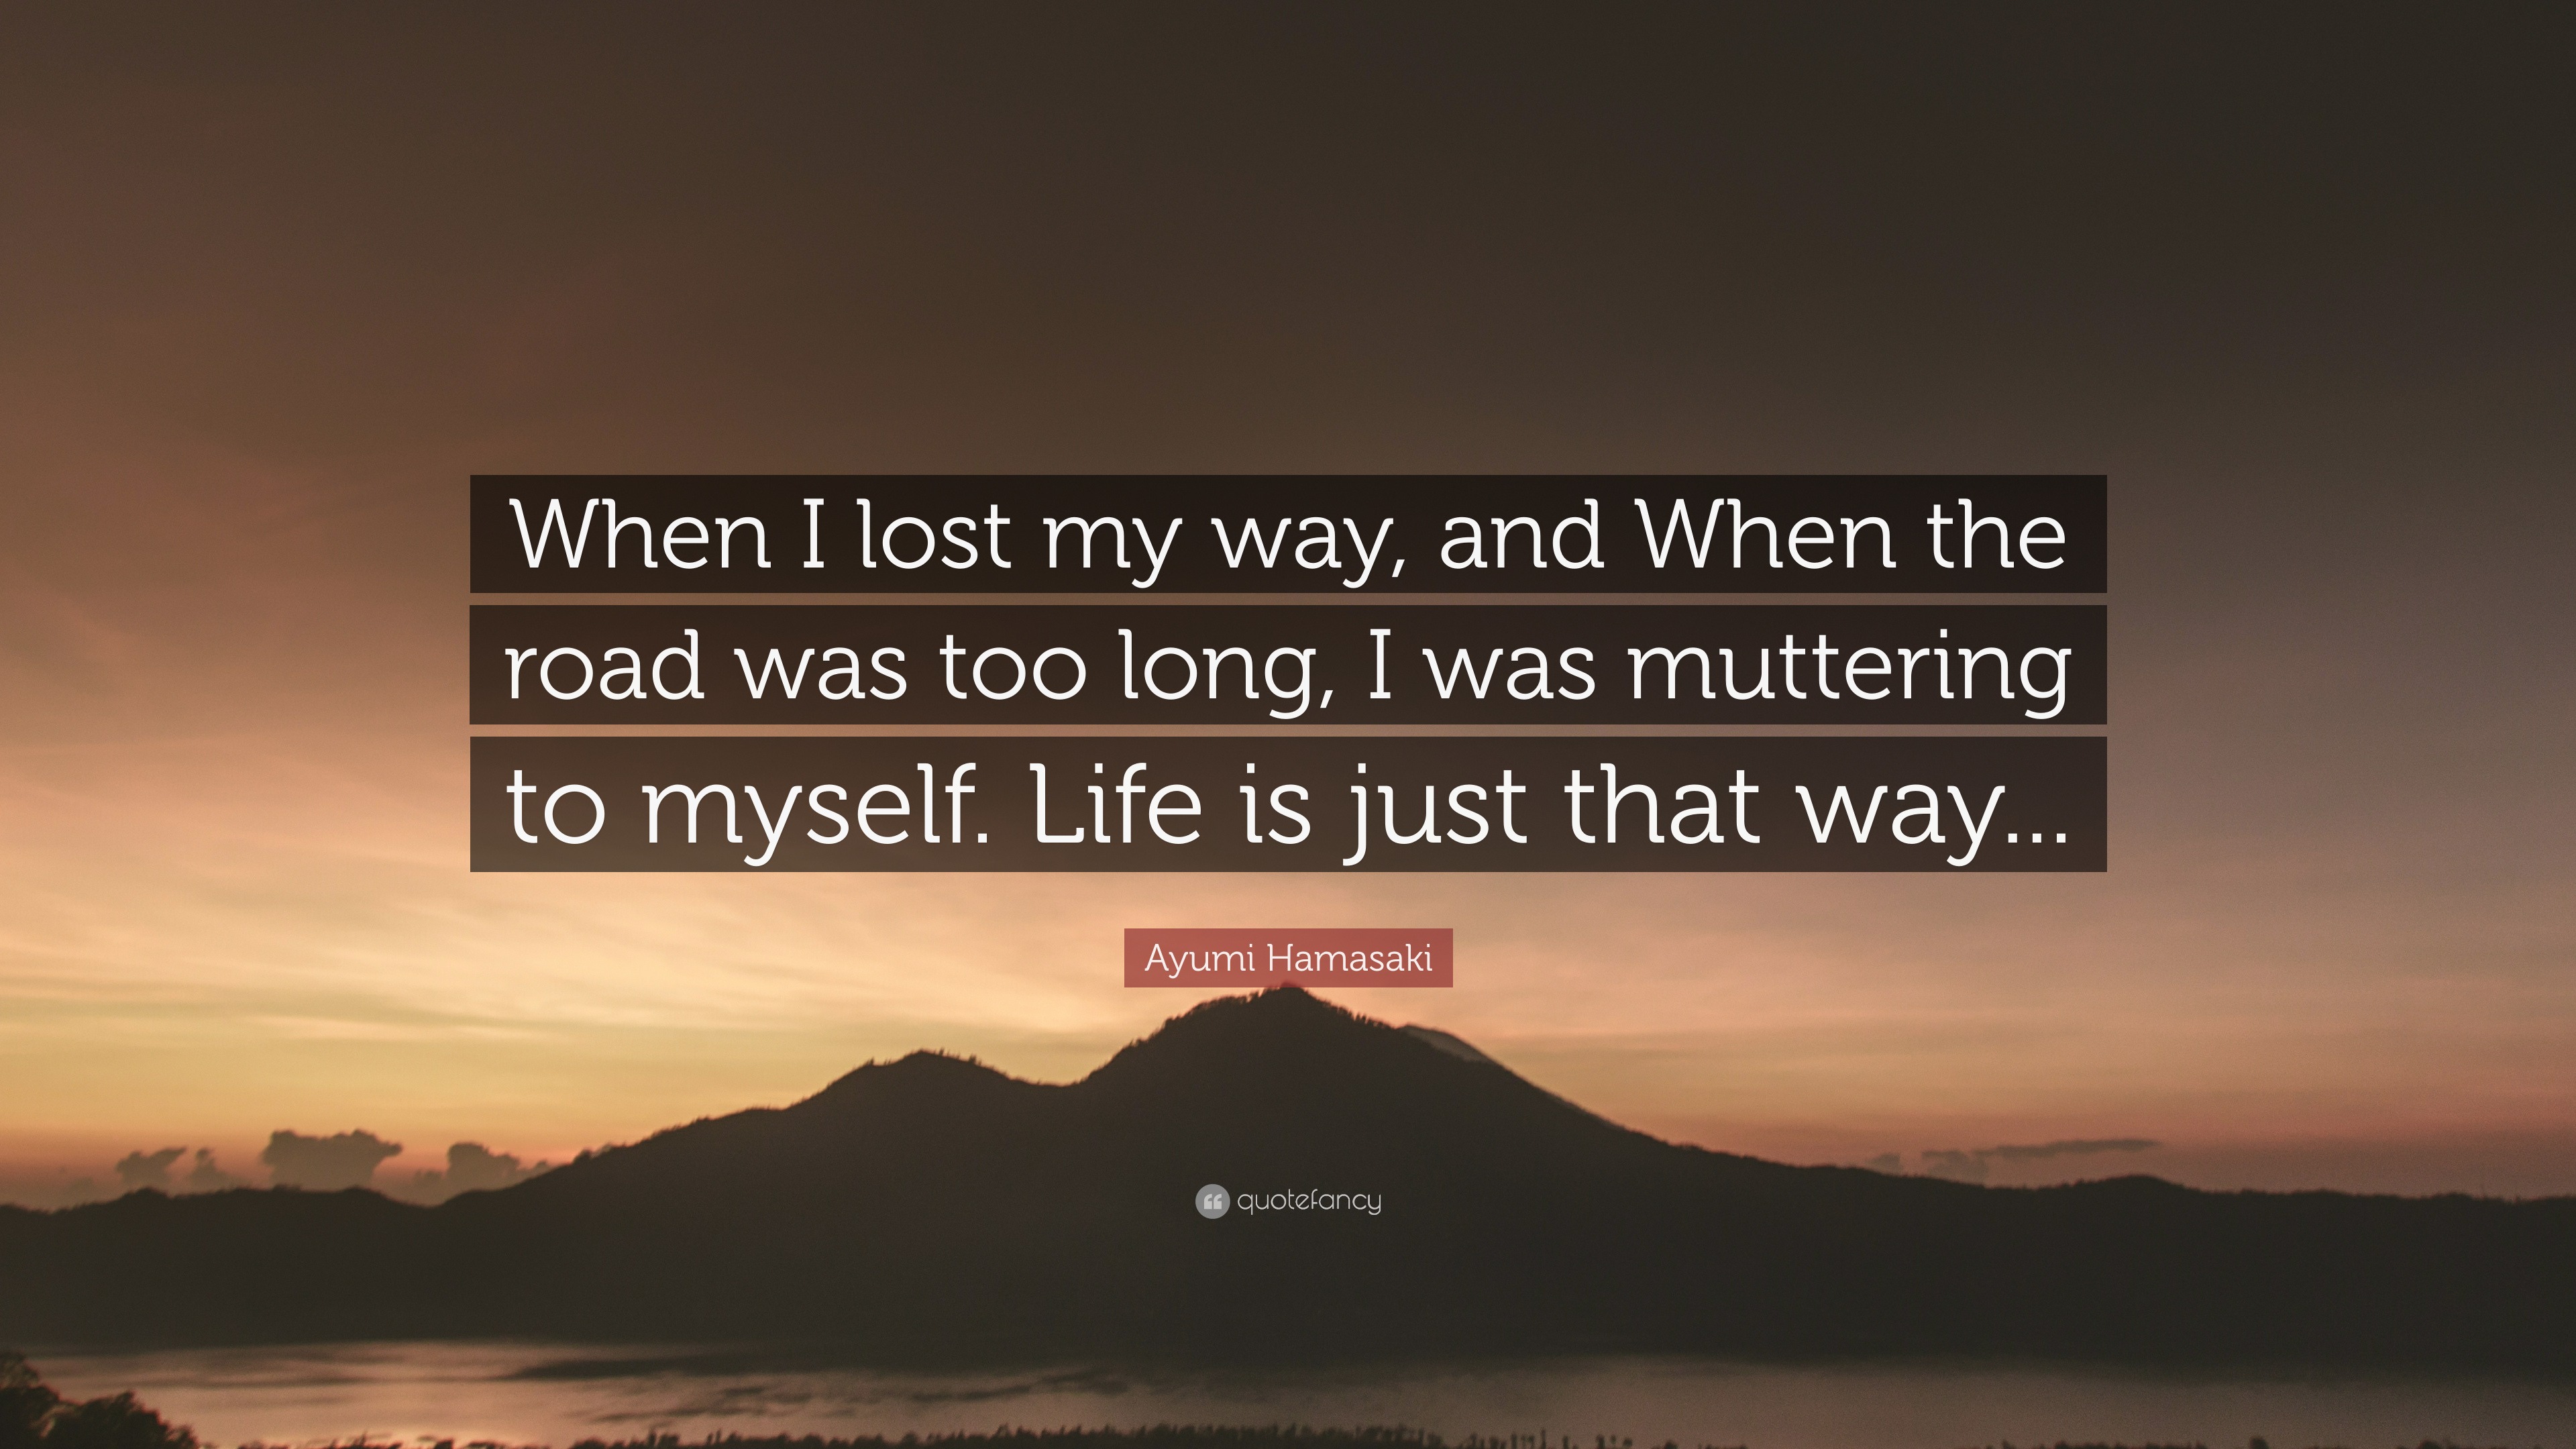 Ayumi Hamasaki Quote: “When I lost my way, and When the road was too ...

...

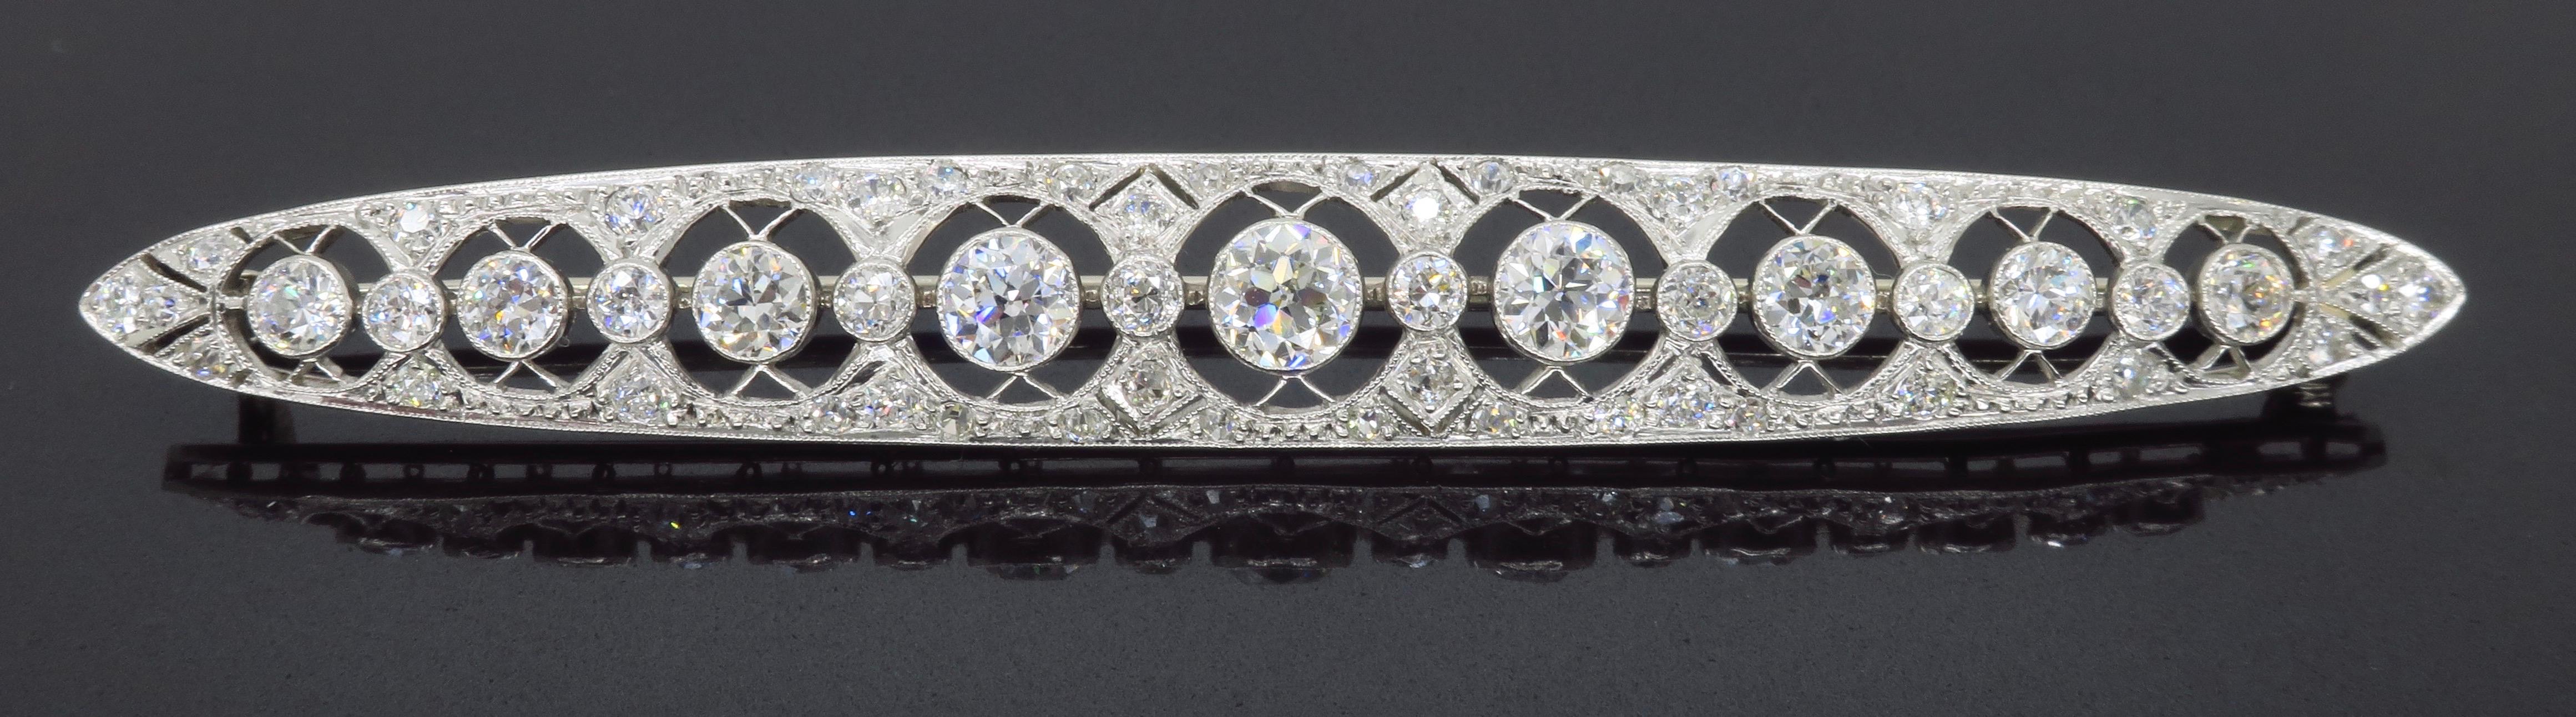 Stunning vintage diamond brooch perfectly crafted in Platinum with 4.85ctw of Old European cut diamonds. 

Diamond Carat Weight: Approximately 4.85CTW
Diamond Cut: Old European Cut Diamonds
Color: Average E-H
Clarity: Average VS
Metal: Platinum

---

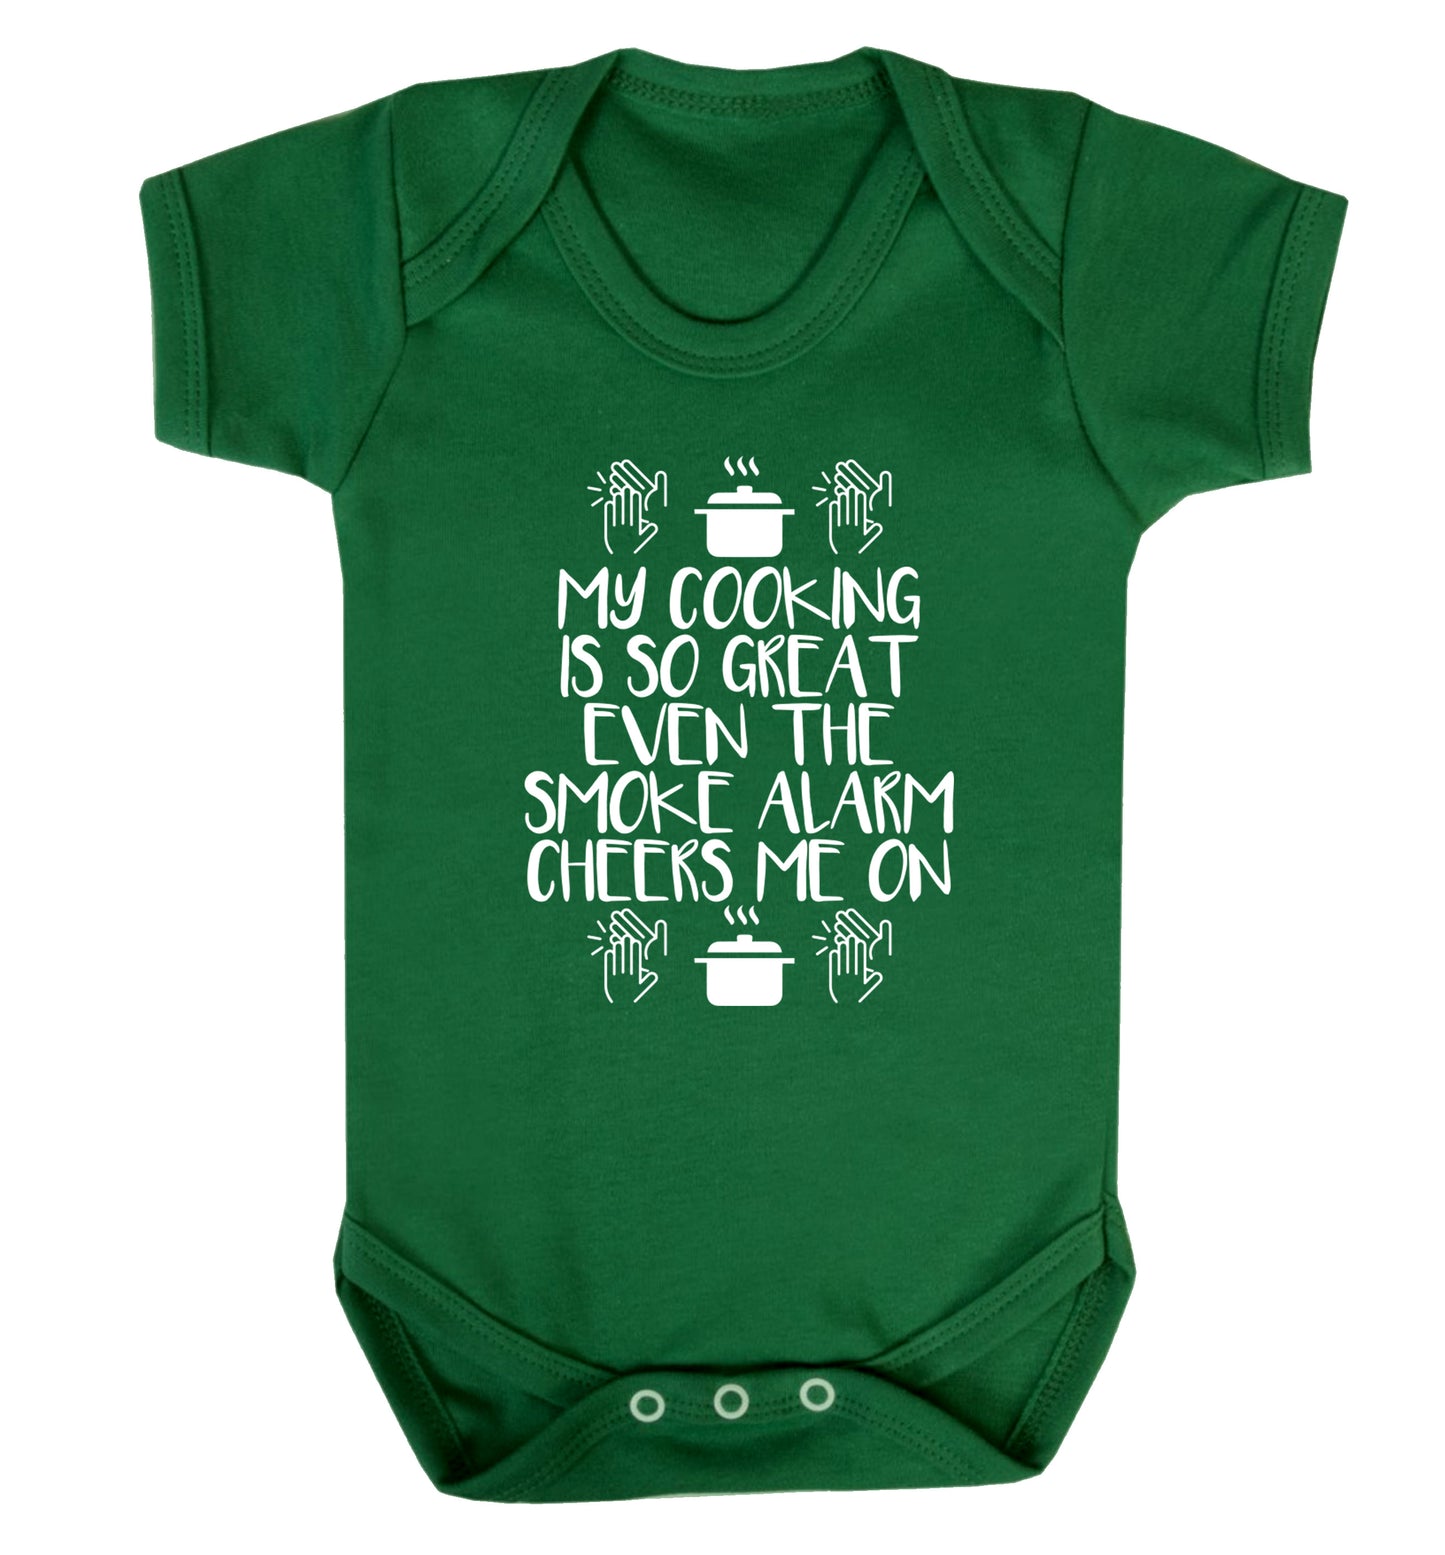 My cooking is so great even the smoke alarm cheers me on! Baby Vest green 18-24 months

WORK TO BE COMPLETED: If a line in the data above includes the string "Average", copy it.

RESPONSE TO THIS EXERCISE:
Color: Average E-H
Clarity: Average VS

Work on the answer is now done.